Jinja2 UNION ALL Pattern
-- provider.sql (simplified)
-- Only provider types in the 'provider_types' DAG param are included
WITH
{% if 'Hospital' in provider_types %}
hospital_npi AS (
SELECT
provider_id,
ARRAY_AGG(DISTINCT CAST(npi AS VARCHAR)) AS npi,
state,
'Hospital' AS provider_type,
NULL AS carrier_locality
FROM tq_production.spines.hospitals
GROUP BY provider_id, state
),
{% endif %}
{% if 'ASC' in provider_types %}
asc_npi AS (
SELECT
provider_id,
ARRAY_AGG(DISTINCT CAST(npi AS VARCHAR)) AS npi,
state,
'ASC' AS provider_type,
NULL AS carrier_locality
FROM tq_production.spines.ascs
GROUP BY provider_id, state
),
{% endif %}
{% if 'PhysicianGroup' in provider_types %}
pg_npi AS (
SELECT
provider_id,
ARRAY_AGG(DISTINCT CAST(npi AS VARCHAR)) AS npi,
state,
'PhysicianGroup' AS provider_type,
carrier_locality -- Used for MPFS pricing
FROM tq_production.spines.physician_groups
GROUP BY provider_id, state, carrier_locality
),
{% endif %}
-- ... Lab, Imaging, Dialysis, DME, UrgentCare follow same pattern
all_providers AS (
{% if 'Hospital' in provider_types %}
SELECT * FROM hospital_npi
{% if other_types_active %} UNION ALL {% endif %}
{% endif %}
{% if 'ASC' in provider_types %}
SELECT * FROM asc_npi
{% if more_types_active %} UNION ALL {% endif %}
{% endif %}
-- ... remaining types
)
SELECT
provider_id,
npi, -- ARRAY[VARCHAR]
state,
provider_type,
carrier_locality
FROM all_providers
Lab Filtering Walkthrough
Labs require special handling because reference labs (Quest, LabCorp) are available nationally but must be scoped by state.

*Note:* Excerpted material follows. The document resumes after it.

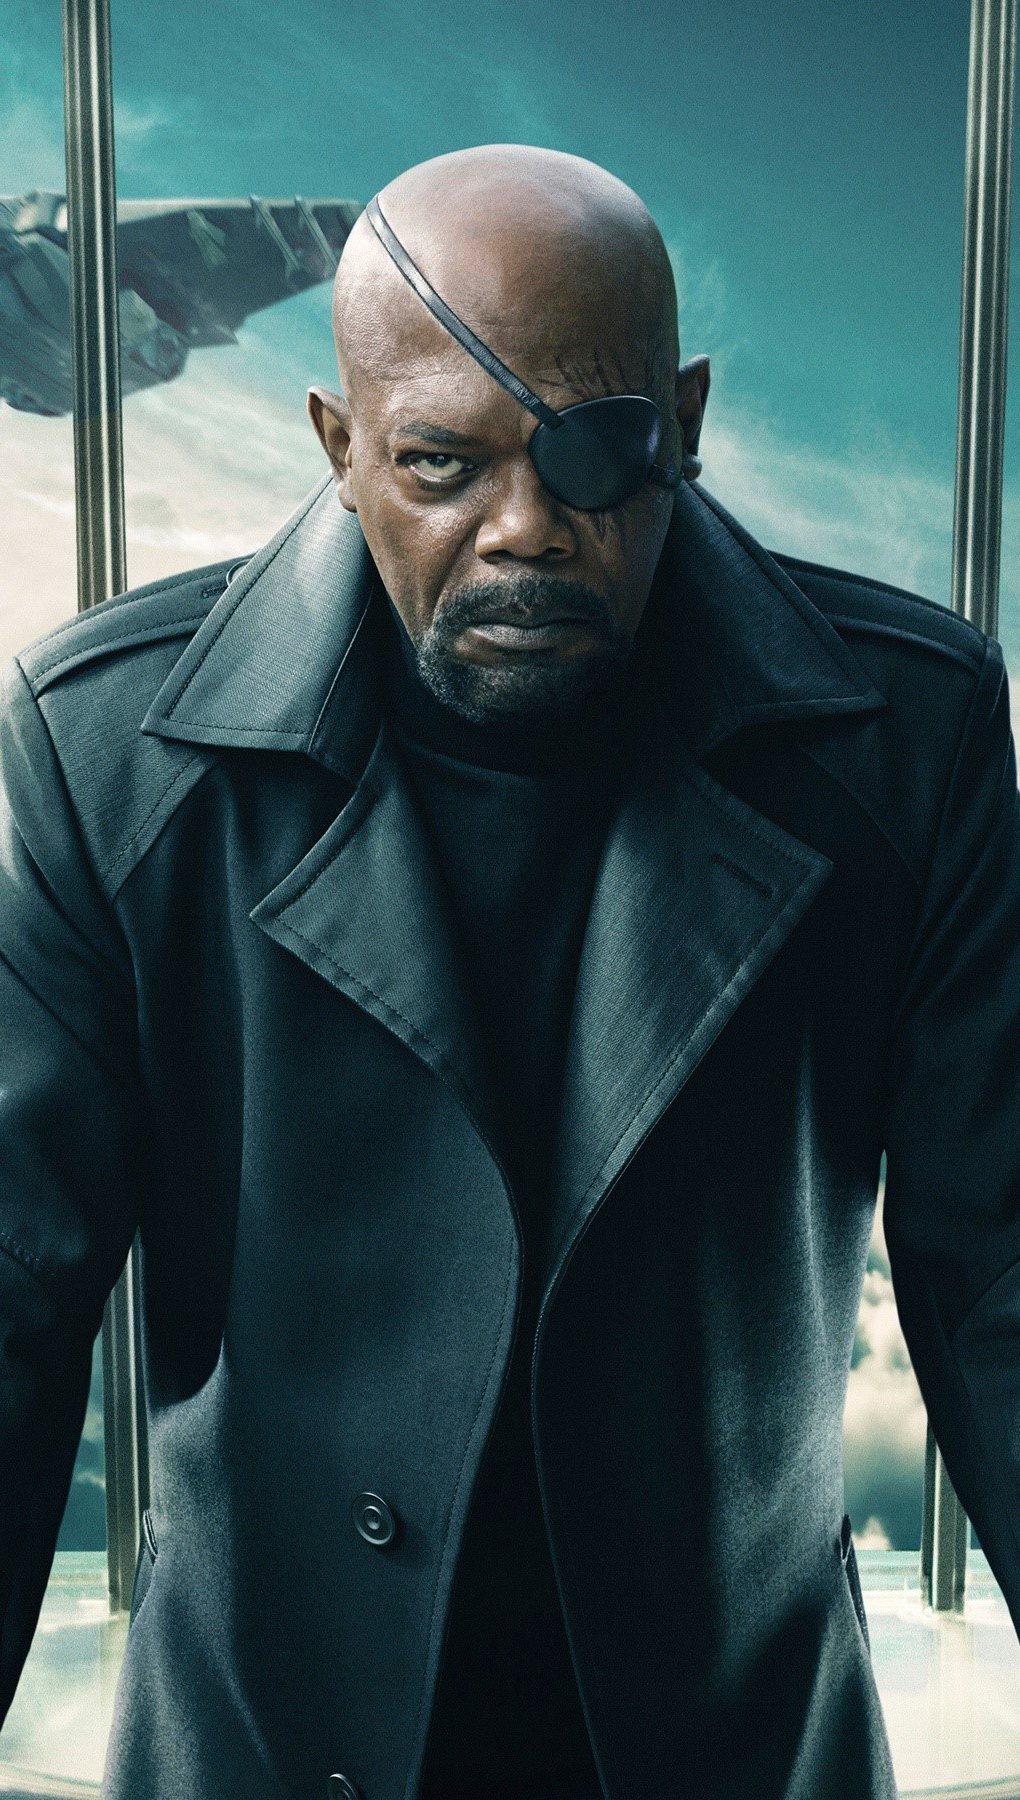 Fondos de pantalla Nick Fury en Capitan America Vertical
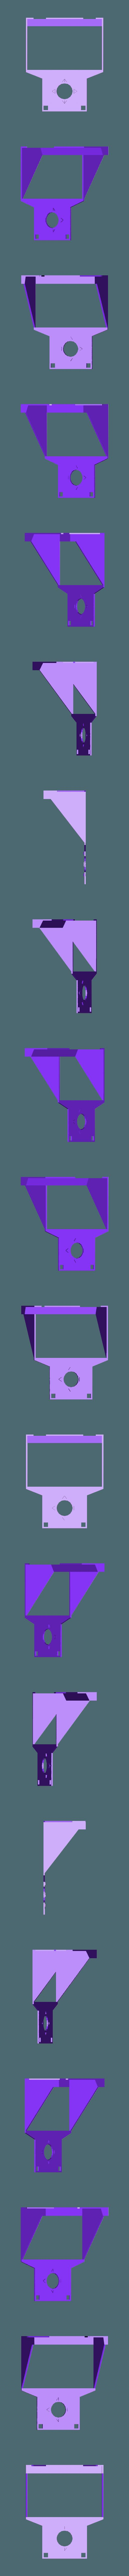 1.stl Download free STL file MARBLE BOY automat • 3D printer object, Janis_Bruchwalski

tq_production.spines.labs. The initial CTE filters to labs that appear in core_rates with at least one rate, ensuring only labs with actual MRF data enter the spine.national_payer_coverage override table re-admits these labs for states where they are known to operate, even if core_rates has no rates.carrier_locality
Physician Group rows carry a carrier_locality column — a two-part string (carrier_number + locality_code, e.g., '01112') used in MPFS pricing. When Clear Rates computes the Medicare benchmark for a PG ROID, it looks up the MPFS fee schedule using the carrier_locality from the provider spine row for that provider_id. PGs without a carrier_locality fall back to a national average MPFS rate.
Provider Types
| Type | Source Table | Special Handling | Scale |
|---|---|---|---|
| Hospital | tq_production.spines.hospitals | None | ~6,000 |
| ASC | tq_production.spines.ascs | Excluded when lookback_run=True | ~5,500 |
| PhysicianGroup | tq_production.spines.physician_groups | carrier_locality for MPFS; excluded when lookback_run=True | ~35,000 |
| Lab | tq_production.spines.labs | core_rates filter + national override + Quest/LabCorp dedup; excluded when lookback_run=True | ~500 |
| Imaging | tq_production.spines.imaging | Excluded when lookback_run=True | ~3,000 |
| Dialysis | tq_production.spines.dialysis | Excluded when lookback_run=True | ~7,000 |
| DME | tq_production.spines.dme | Excluded when lookback_run=True | ~2,000 |
| UrgentCare | tq_production.spines.urgent_care | Excluded when lookback_run=True | ~10,000 |
The npi column is ARRAY[VARCHAR], not a scalar. When joining from core_rates (which stores provider_npi as bigint):
WHERE cr.provider_npi = ANY(CAST(ps.npi AS ARRAY(BIGINT)))
A scalar equality join will fail or return no rows.
The default provider_types DAG param lists all 8 provider types. When lookback_run=True, only Hospital is included — the Jinja2 conditional block omits all other provider type CTEs and UNION ALL branches entirely.